Comcast DVR
Best Buy delivered my new TV on Wednesday. It’s pretty great. I wish I could say the same about Comcast HD service. After the TV came I went out and swapped my digital cable box for a new Comcast HD-DVR. The HD signal is great but the box does not have accurate channel information. The Comcast web site was also no help — it agreed with the box but not with the actual channels.
I called customer support and the nice man told me to reset the box. I reset it.
Thursday morning, channels are still wrong. The DVR functionality does not really work if it doesn’t know what the channels are.
This morning the box was entirely broken — nothing involving showing a UI worked. Apparently Comcast pushed out an “enhancement” last night that broke the guide and the rest of the UI. I can’t continue troubleshooting my channel guide woes because the box is entirely broken. It can tune channels if I use only the up and down keys, but many of channels don’t tune at all and even entering channels by number does not work.
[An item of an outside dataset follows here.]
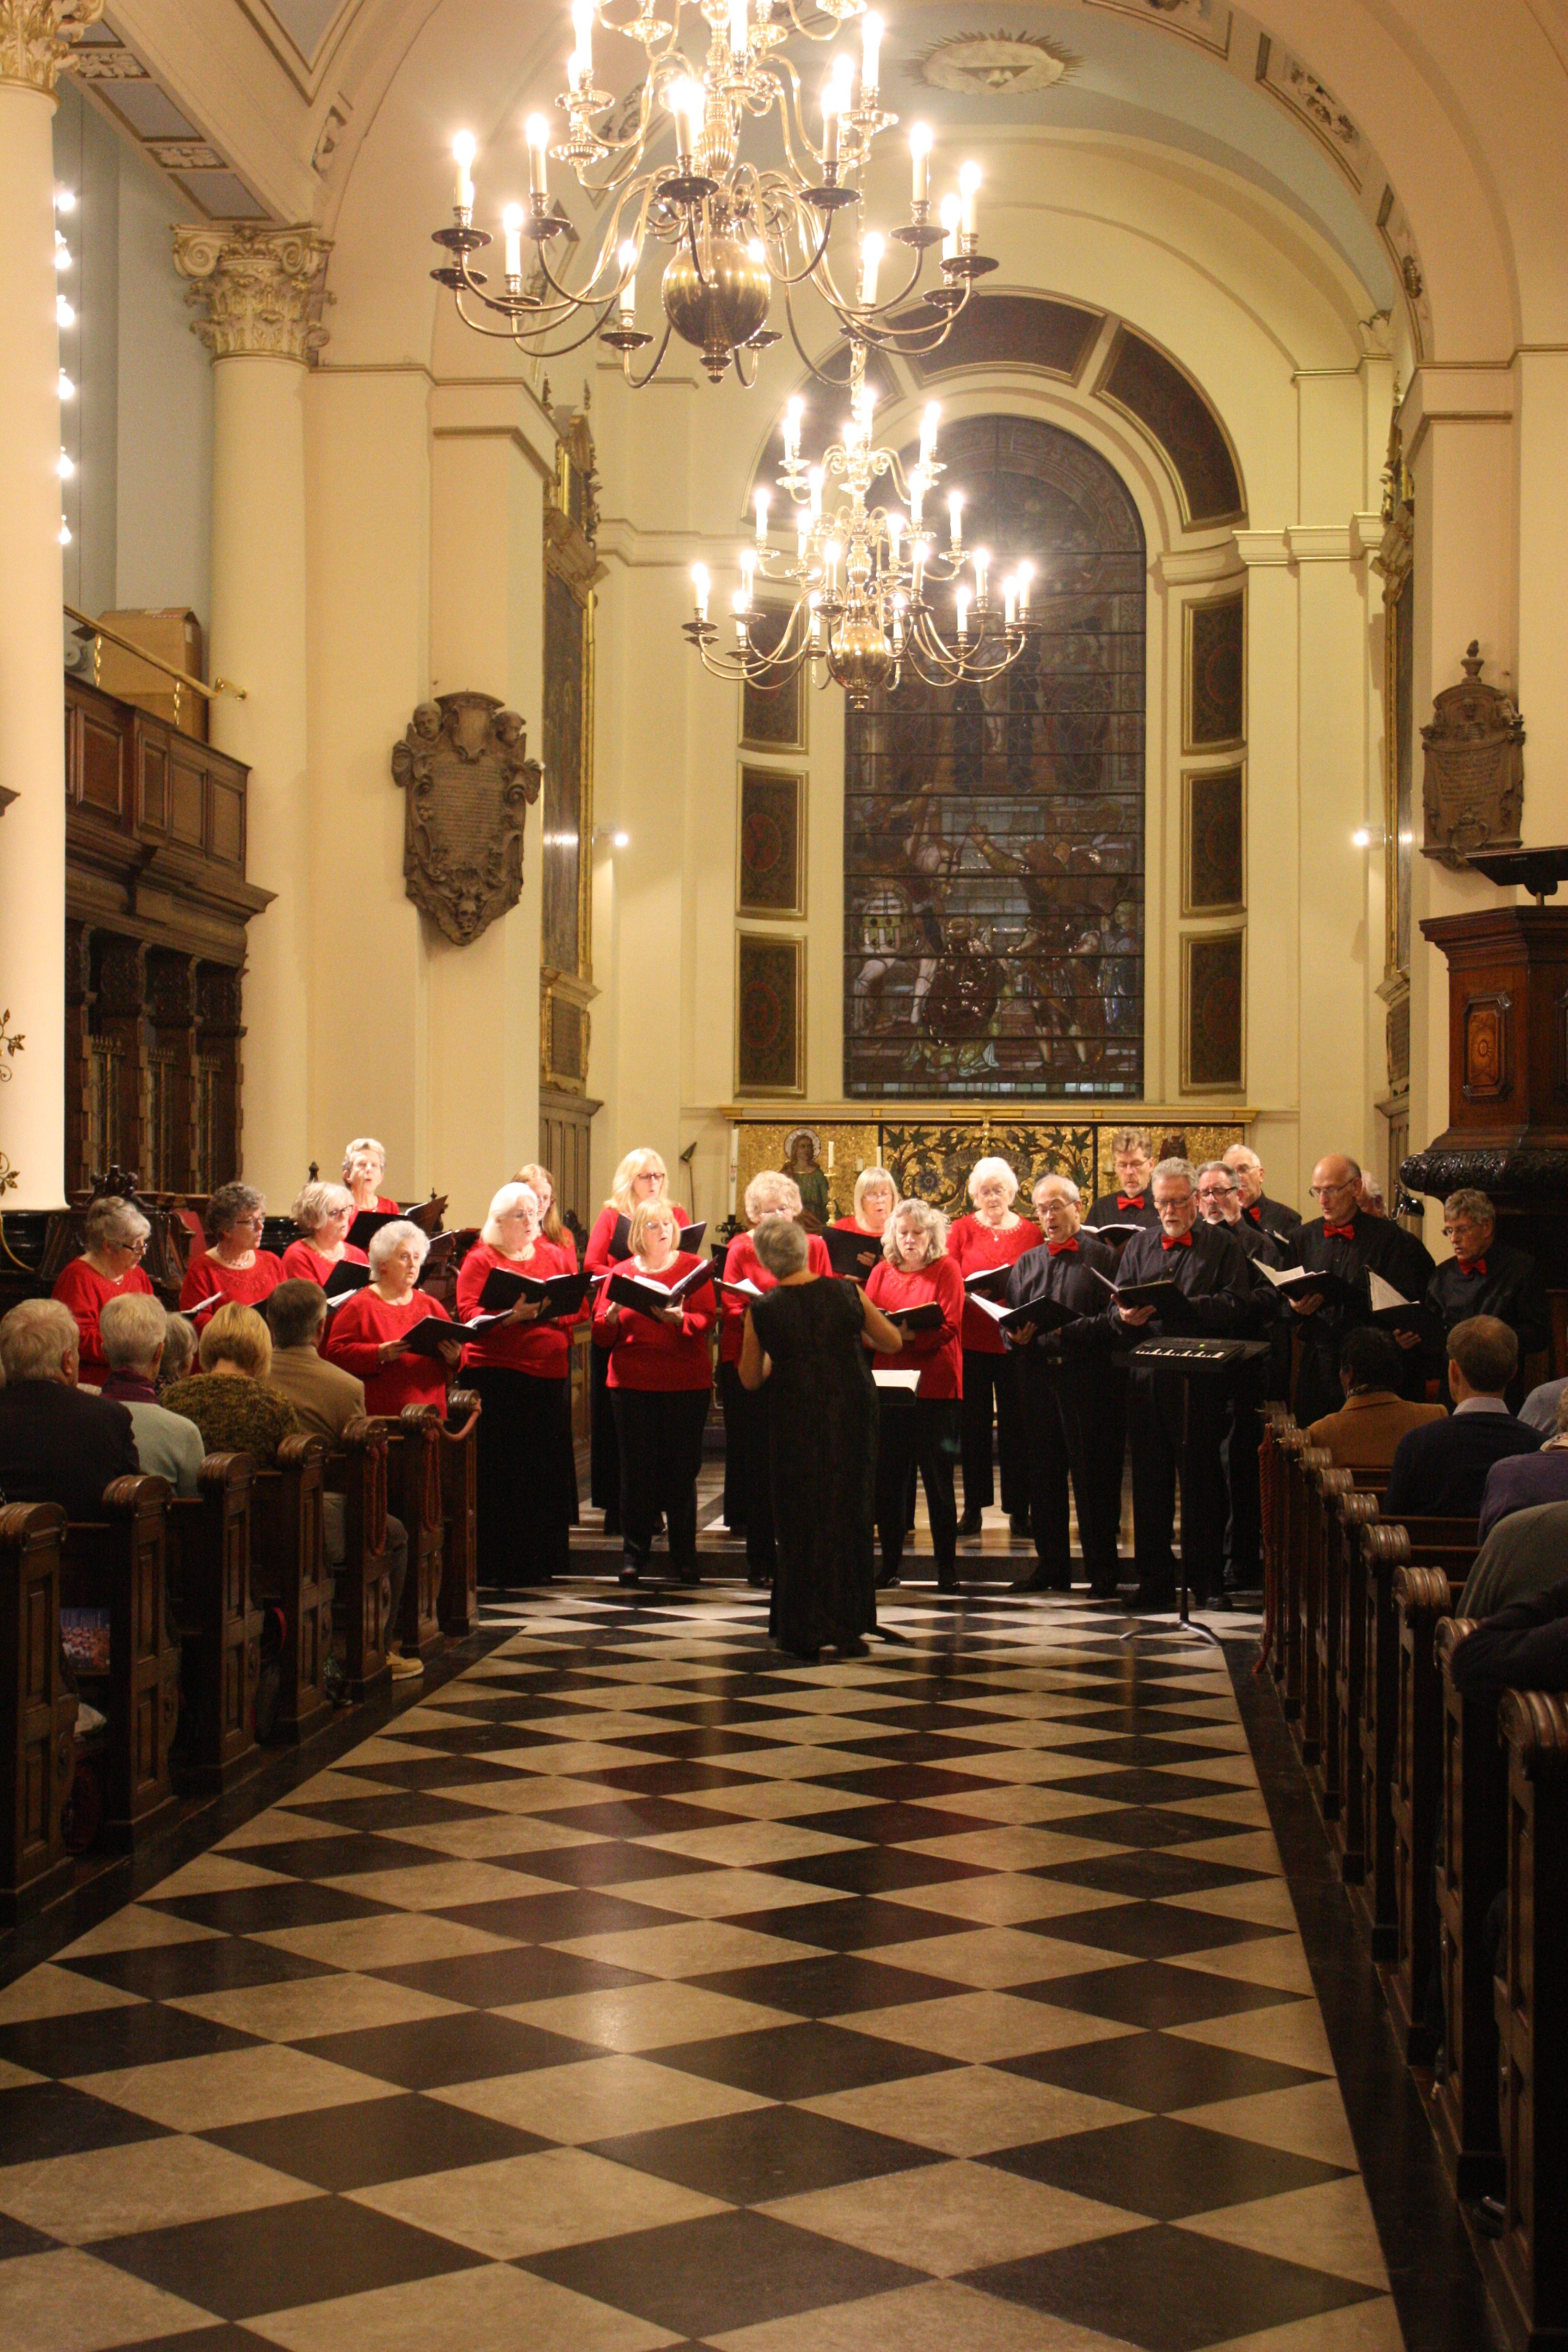 Choir Rear Portrait
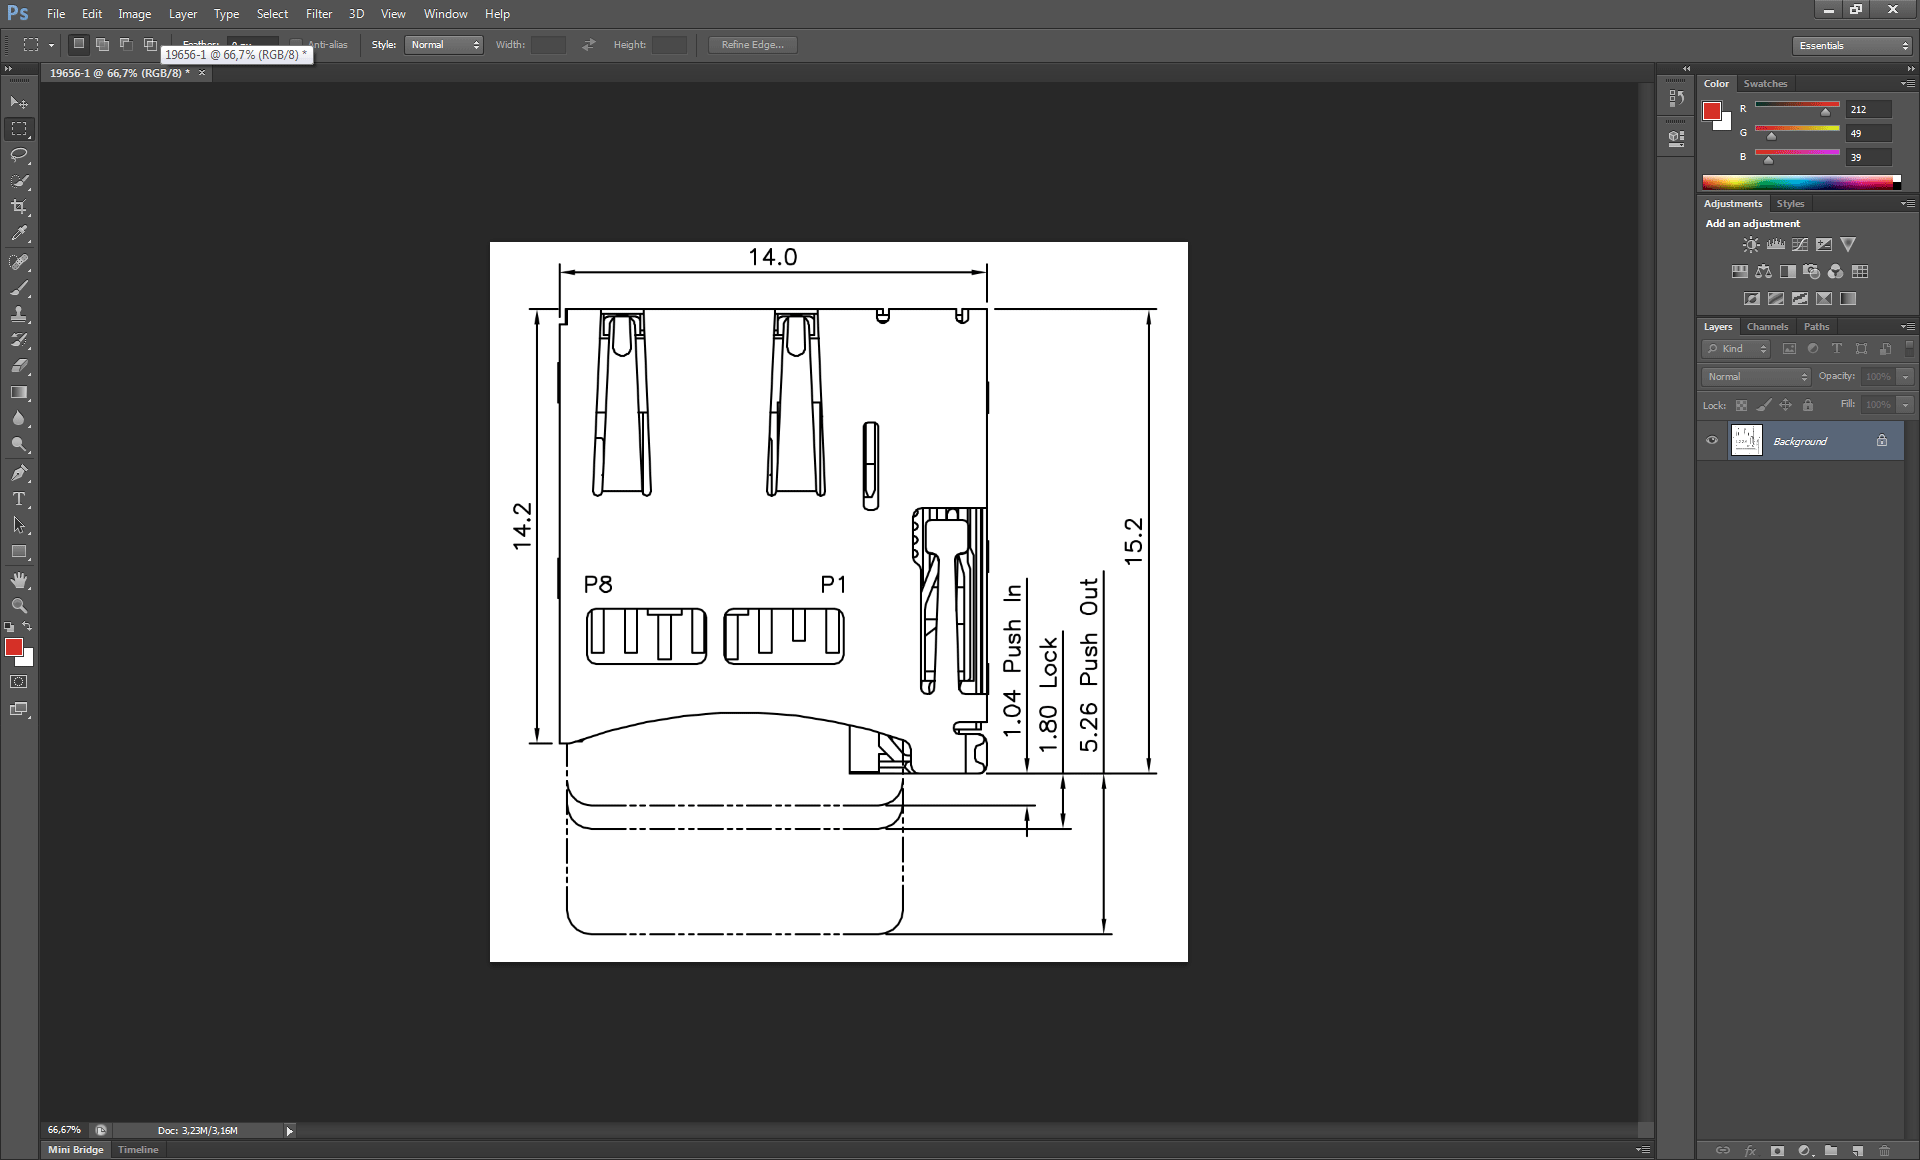 manufacturing_ImageEditor_Screenshot.png

So far Comcast is making an excellent sales pitch for the HD TiVo. If I didn’t live in an apartment with a balcony facing the wrong direction Comcast probably would’ve sold me on DirectTV by now.
Comcast customer support has been very polite but sadly not very helpful since it really seems beyond their control to fix.
I thought I should add one more search result for “Comcast HD DVR sucks” in case anyone searching for information about it doesn’t get the idea from all the other voices.
The Comcast HD DVR is much less expensive than the HD TiVo but also unusably bad. The HD TiVo is very expensive when a whole Windows Media PC is only a little more expensive and substantially more capable.
Most companies don’t use paying customers to alpha test their new service.
Microsoft should be pleased — they will probably sell a lot of HD Vista Media Center licenses.